When Ginzburg writes of that ‘silent instinct’, what I hear is something like faith. How did a man like Alberto Rojas Gimenez survive as long as he did, after all? In addition to relying on himself, he also seems to have trusted that the world would return his generosity, that he would always have a place to sleep and enough food to survive on. We make the world in our own image, after all, and our actions trigger more than we can ever take account of.
It seems a wildly impractical ideal, this radical generosity. But that’s the point of an ideal - to encourage us to stretch beyond the meagre limits of what we’re in the habit of expecting from ourselves. And it always seems to me that the shift of focus away from amassing security and towards generosity, scary as the prospect may be, suddenly reveals that we do have enough, that we’ve always had enough. It’s a leap of faith, so there’s no guarantee, but the defensive alternative is just too bleak. If we, in the midst of a world that seems designed to multiply our fears and insecurities, could make this rebellious leap, our children might inherit a world where they knew unequivocally that they would always have enough.
I’ll share below the first three stanzas of the (rather long, but well worth reading in its entirety) poem Neruda wrote upon hearing of his friend’s death. In a move of which Nietzsche would surely approve, Neruda’s Rojas Gimenez, not meek by any measure, seems to have inherited the whole earth.
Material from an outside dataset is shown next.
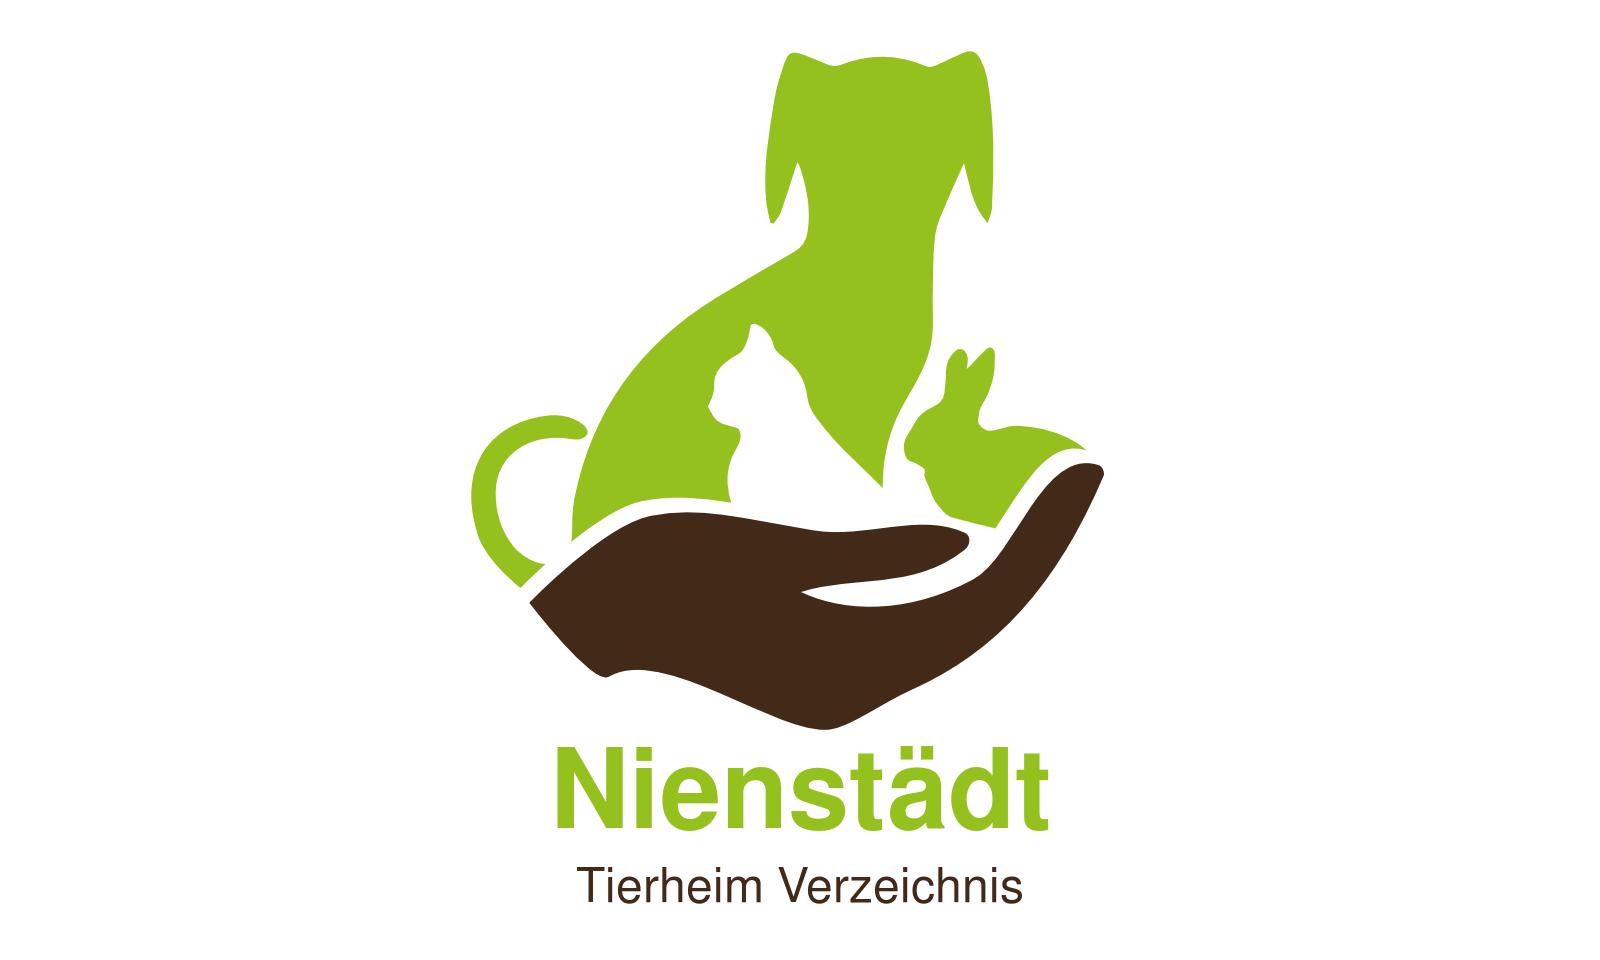 Tierheim Nienstädt

Alberto Rojas Gimenez Comes Flying Between terrified feathers, between nights and magnolias and telegrams, between southerly winds and winds from the sea blowing West, you come flying. Under grave-plots and ashes, under the ice on the snail, under the remotest terrestrial waters, you come flying. Deeper still, between girls under fathoms of water, blind plants and a litter of fish heads, deeper, still deeper, among clouds once again you come flying...



I like this, the silent instinct.
Thank you Dreamhorse.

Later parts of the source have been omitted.